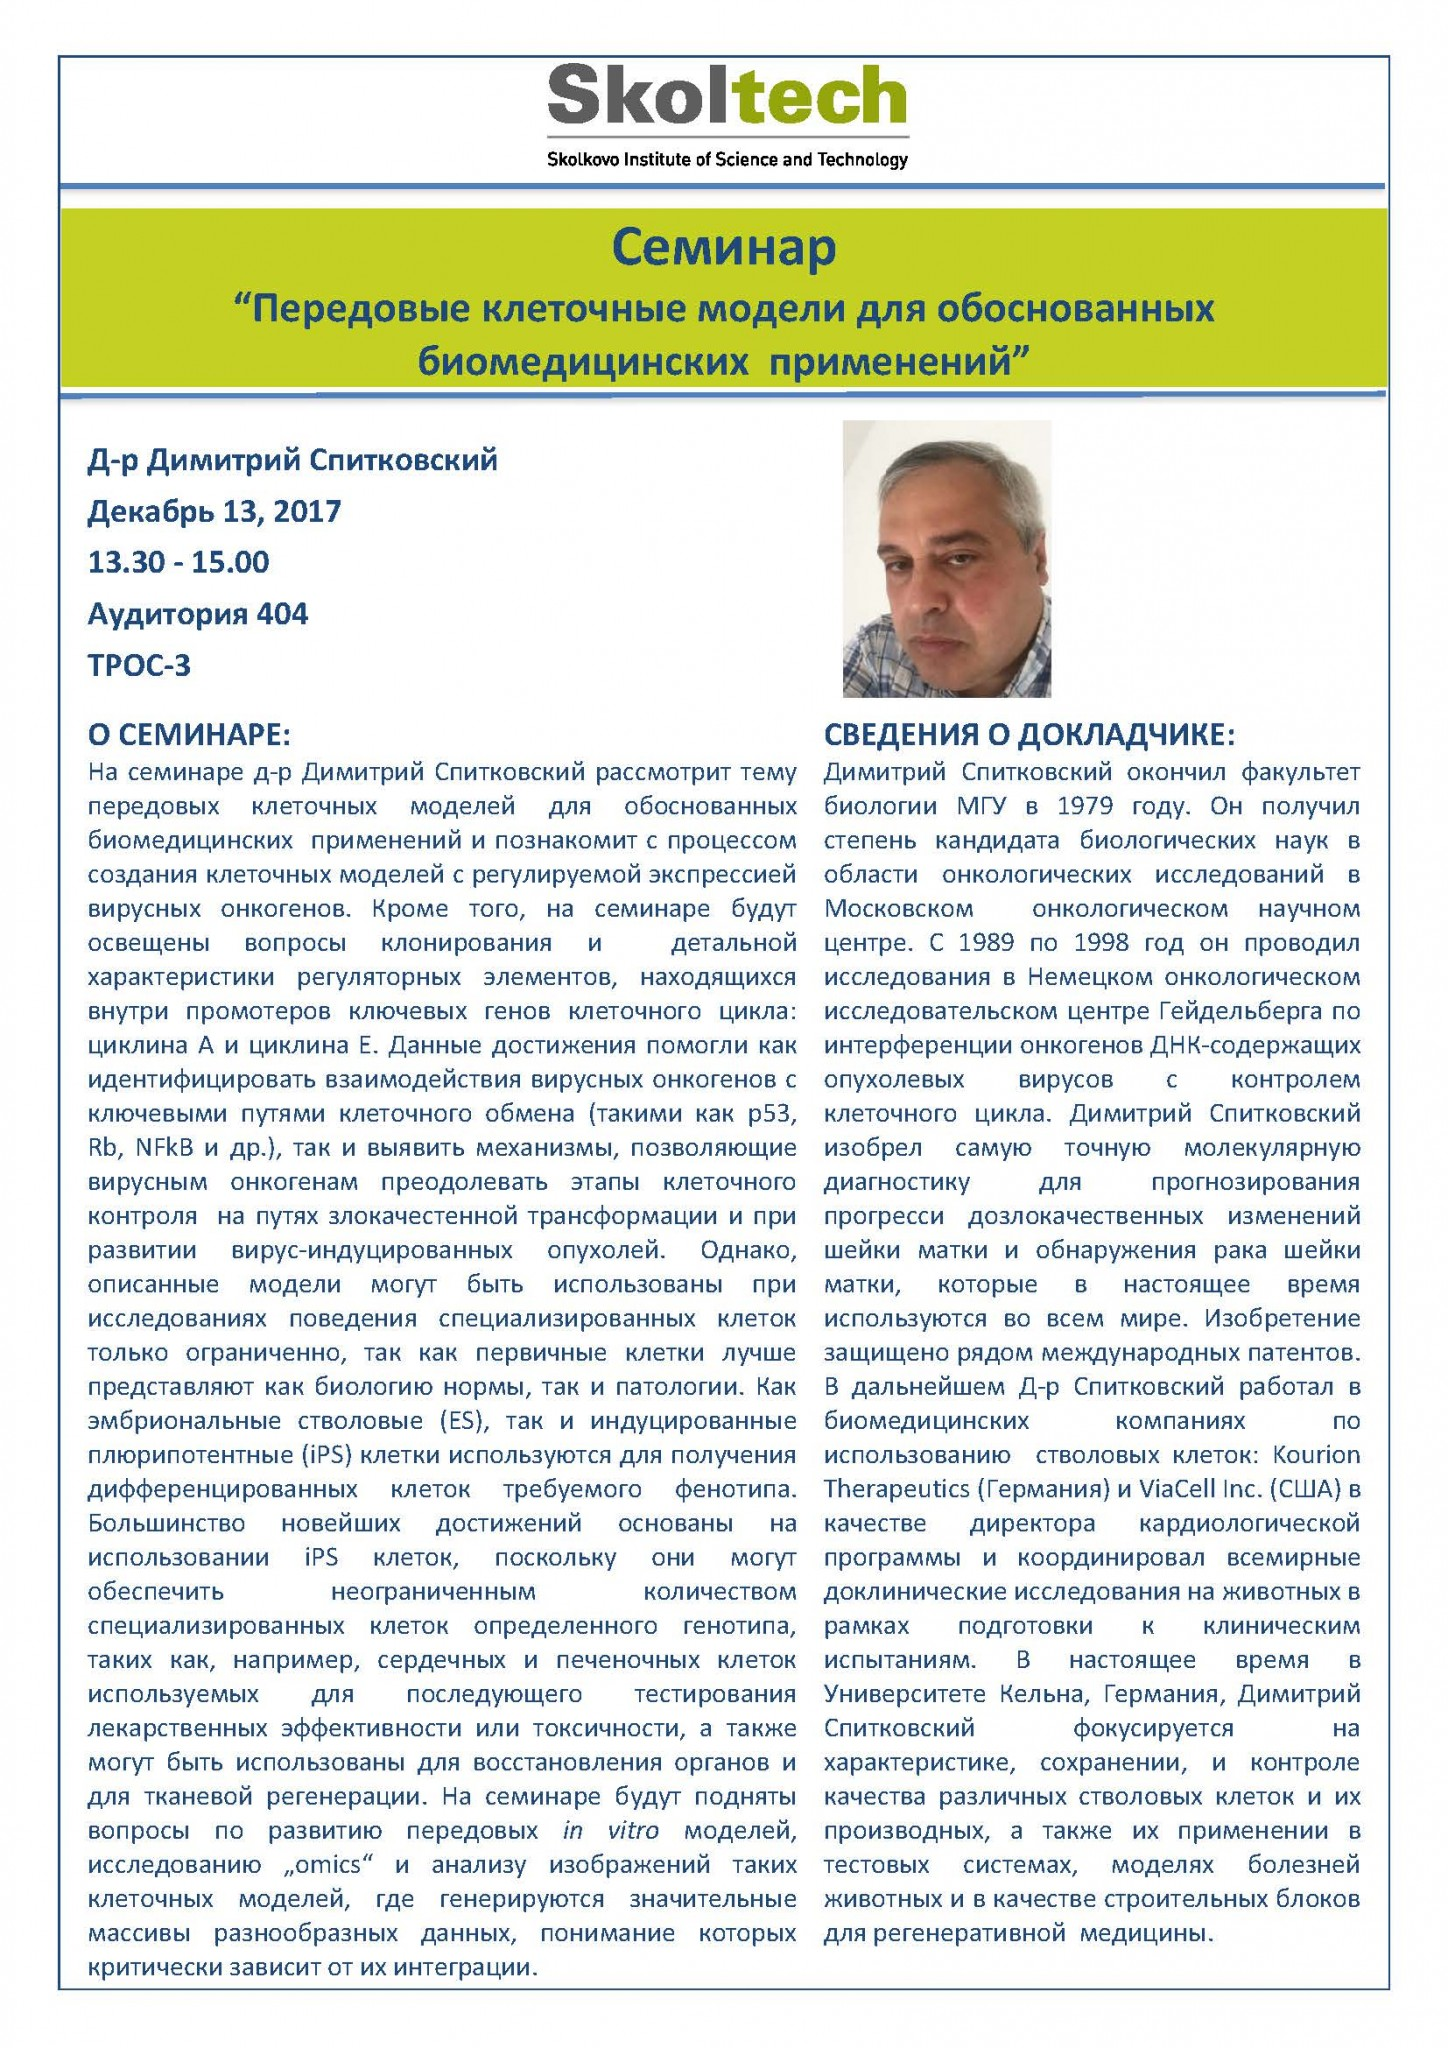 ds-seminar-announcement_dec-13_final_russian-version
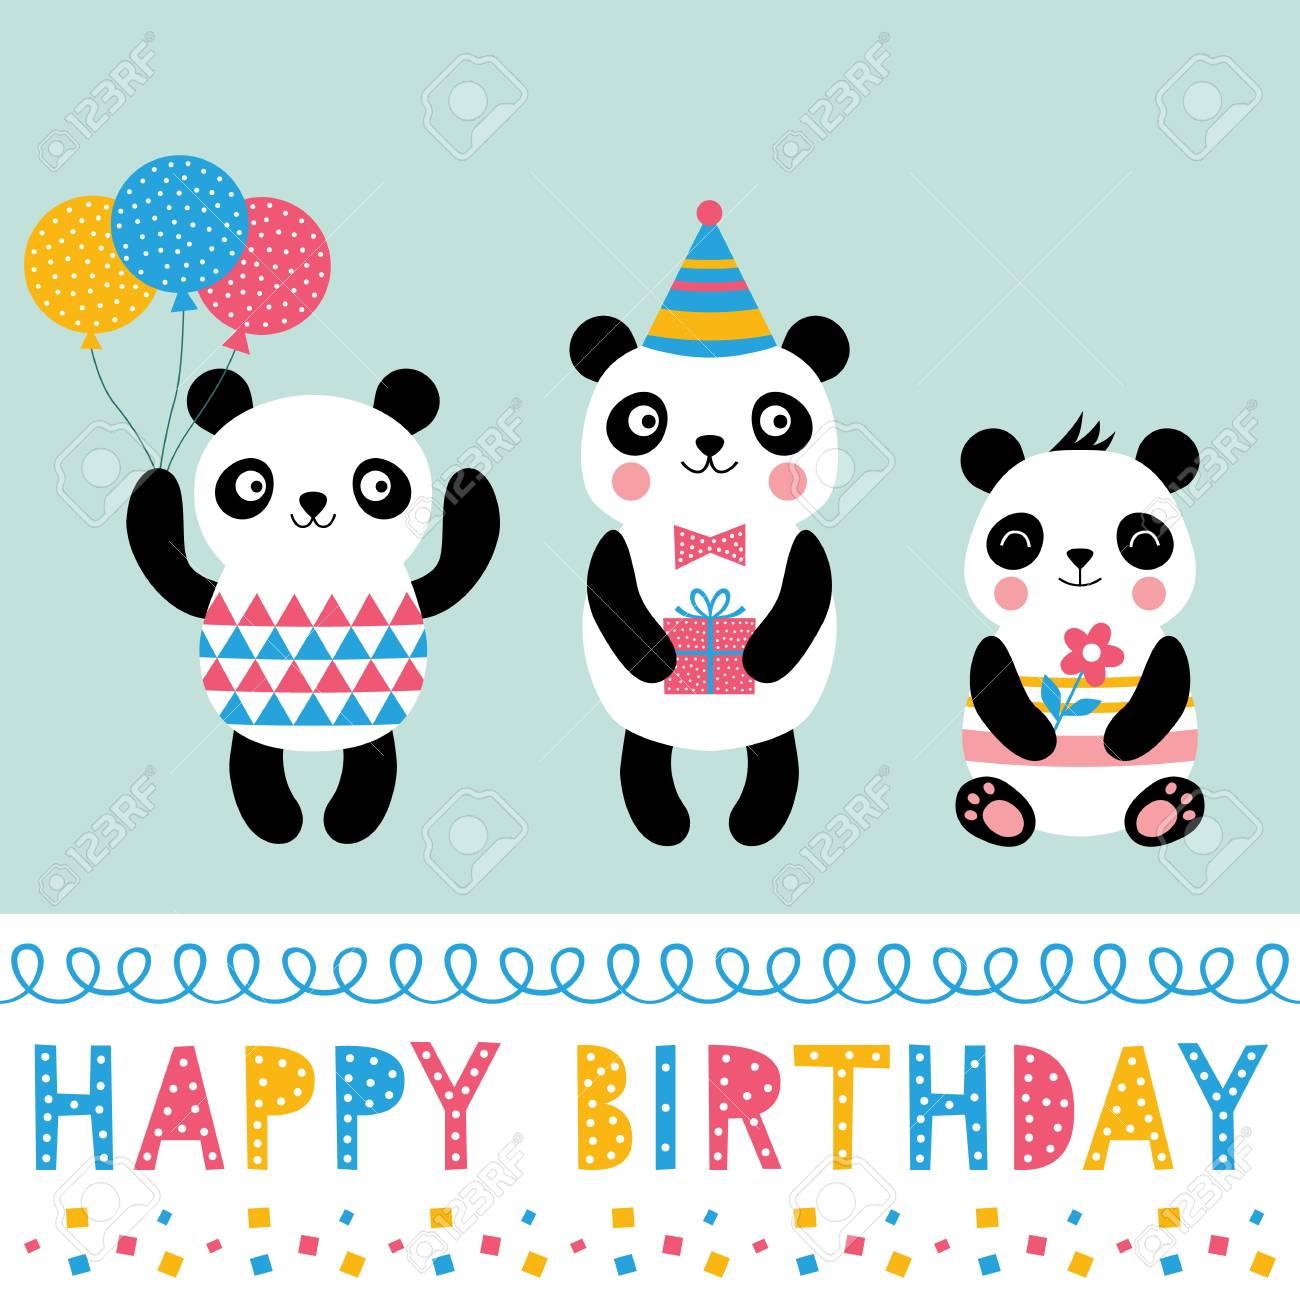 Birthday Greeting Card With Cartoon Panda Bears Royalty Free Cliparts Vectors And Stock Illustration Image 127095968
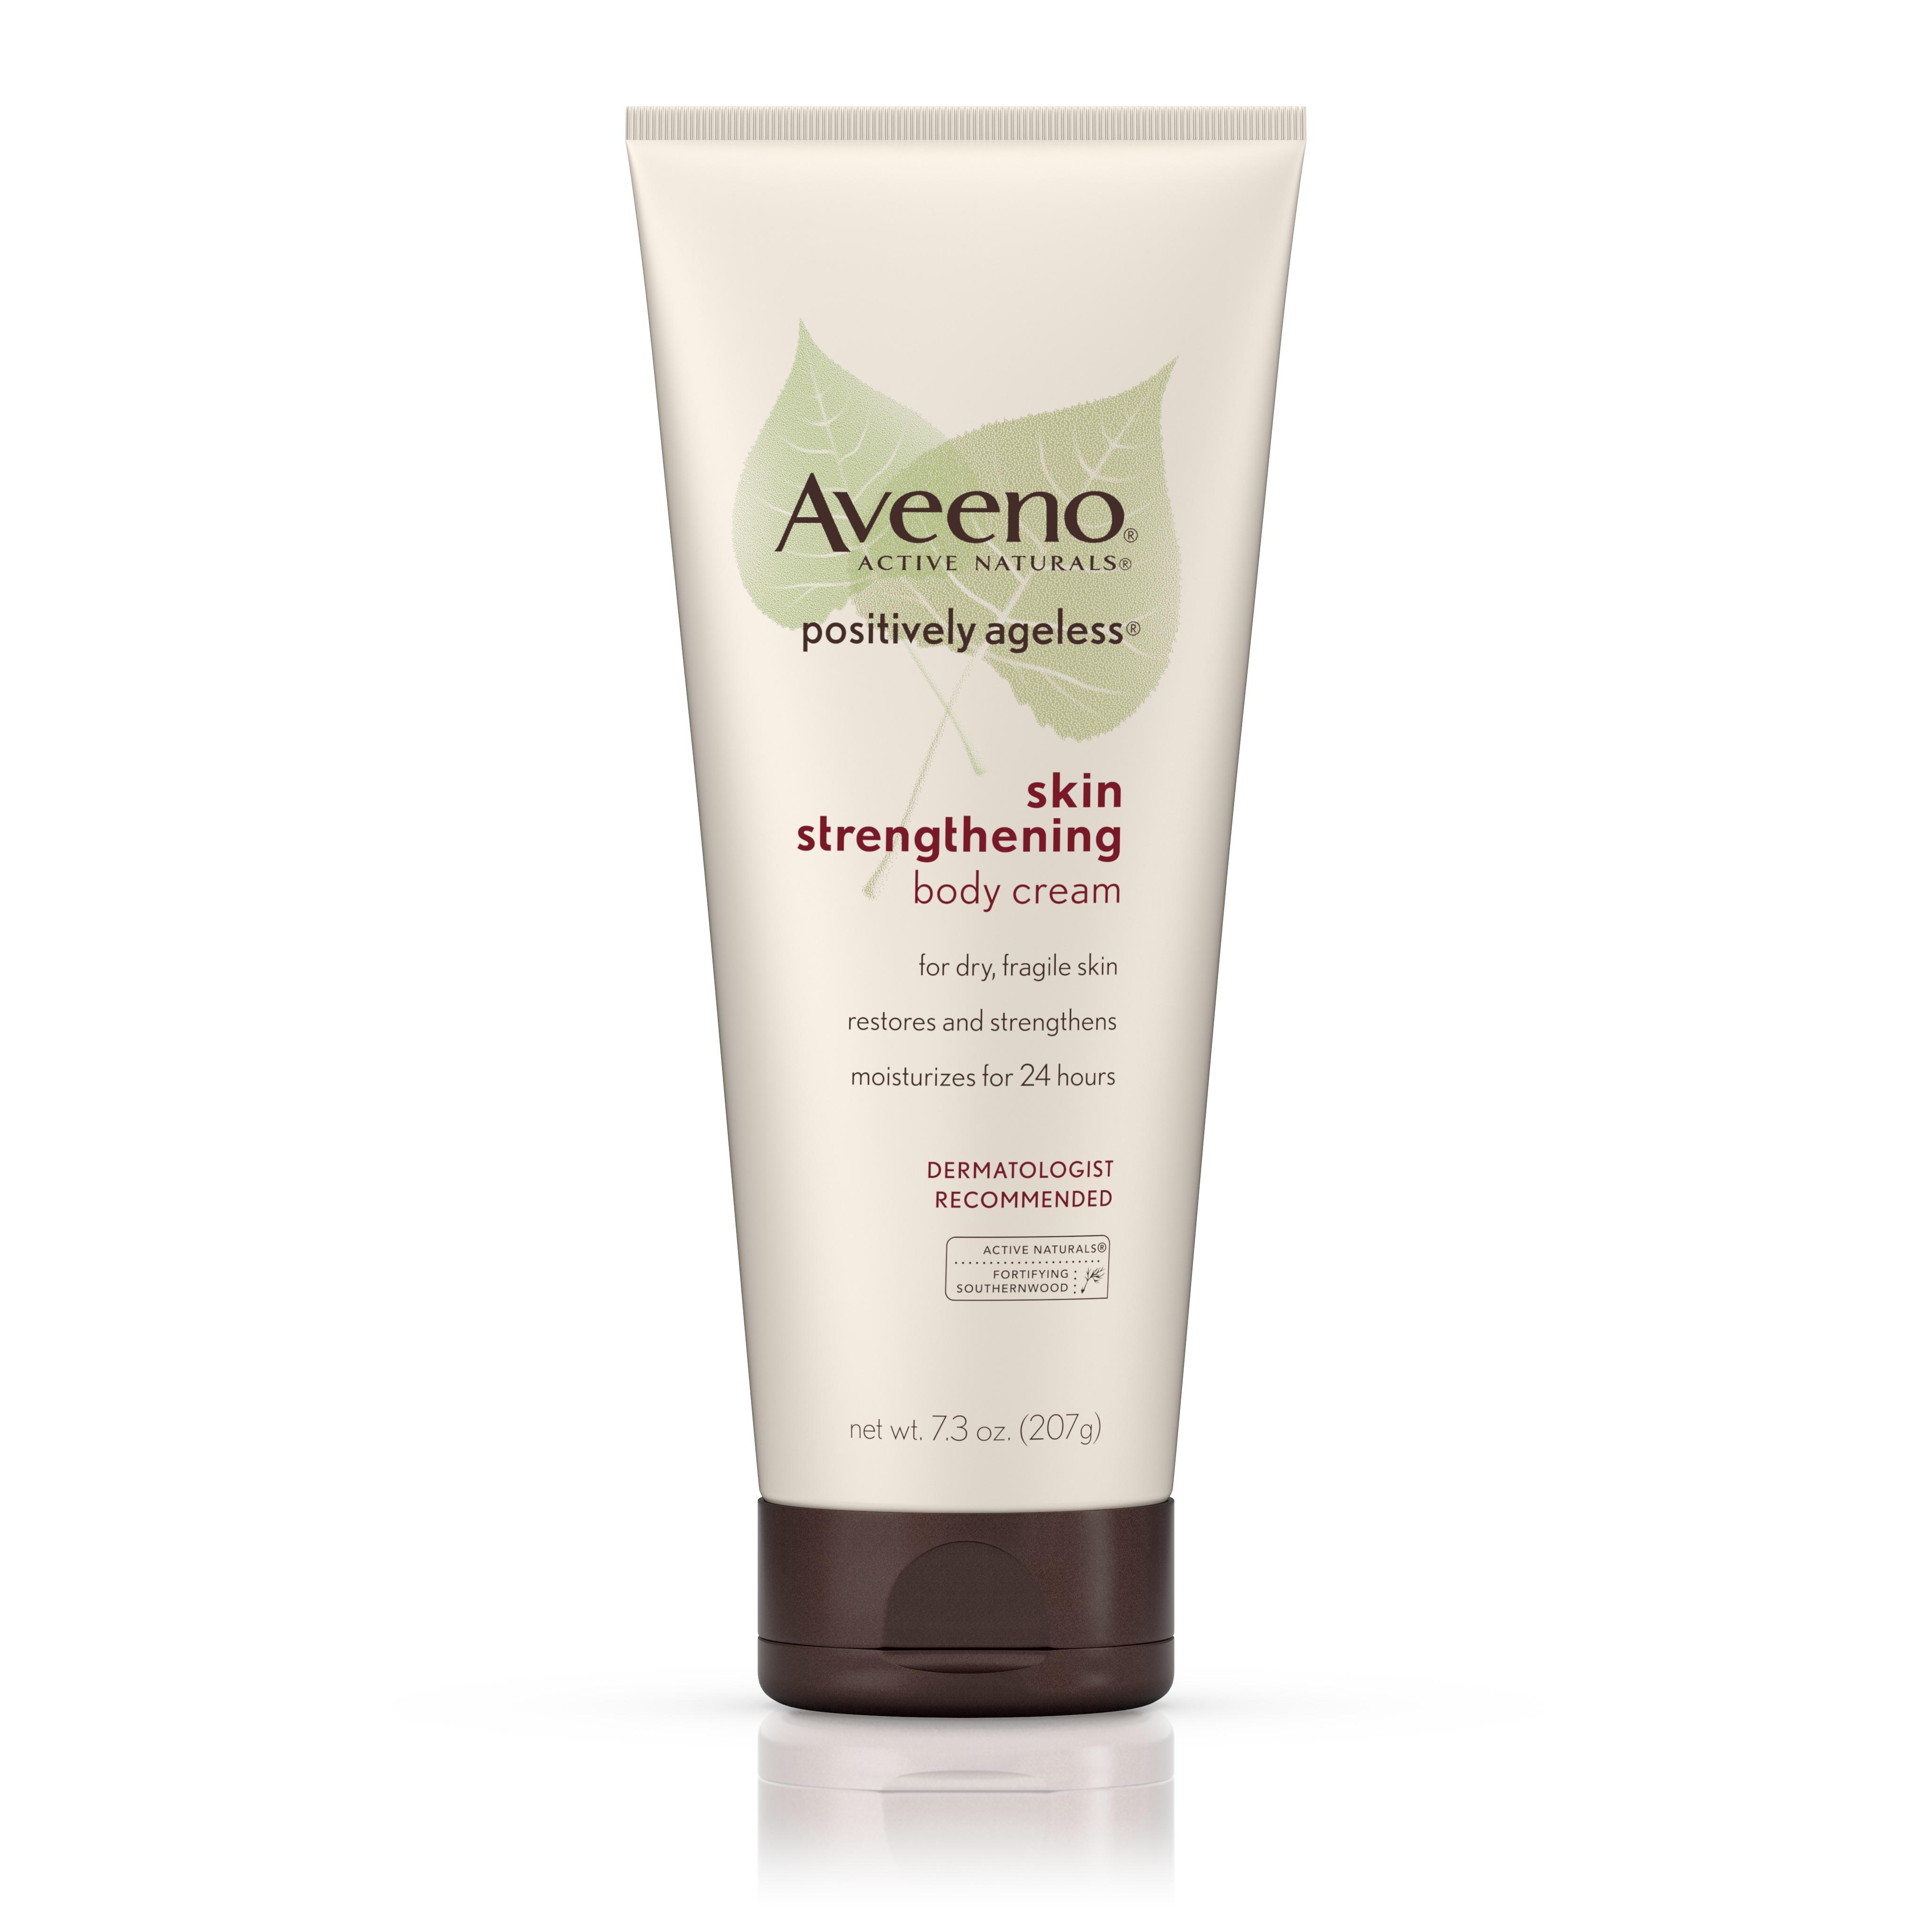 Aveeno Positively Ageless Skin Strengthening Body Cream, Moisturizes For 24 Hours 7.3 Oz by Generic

→ Exercise: Could you write out exactly the lines from the line containing "Birthday Greeting Card" to the end of the material, and nothing else? No pictures belong in the copy.

→ Written solution:
 Birthday Greeting Card With Cartoon Panda Bears Royalty Free Cliparts Vectors And Stock Illustration Image 127095968
 Aveeno Positively Ageless Skin Strengthening Body Cream, Moisturizes For 24 Hours 7.3 Oz by Generic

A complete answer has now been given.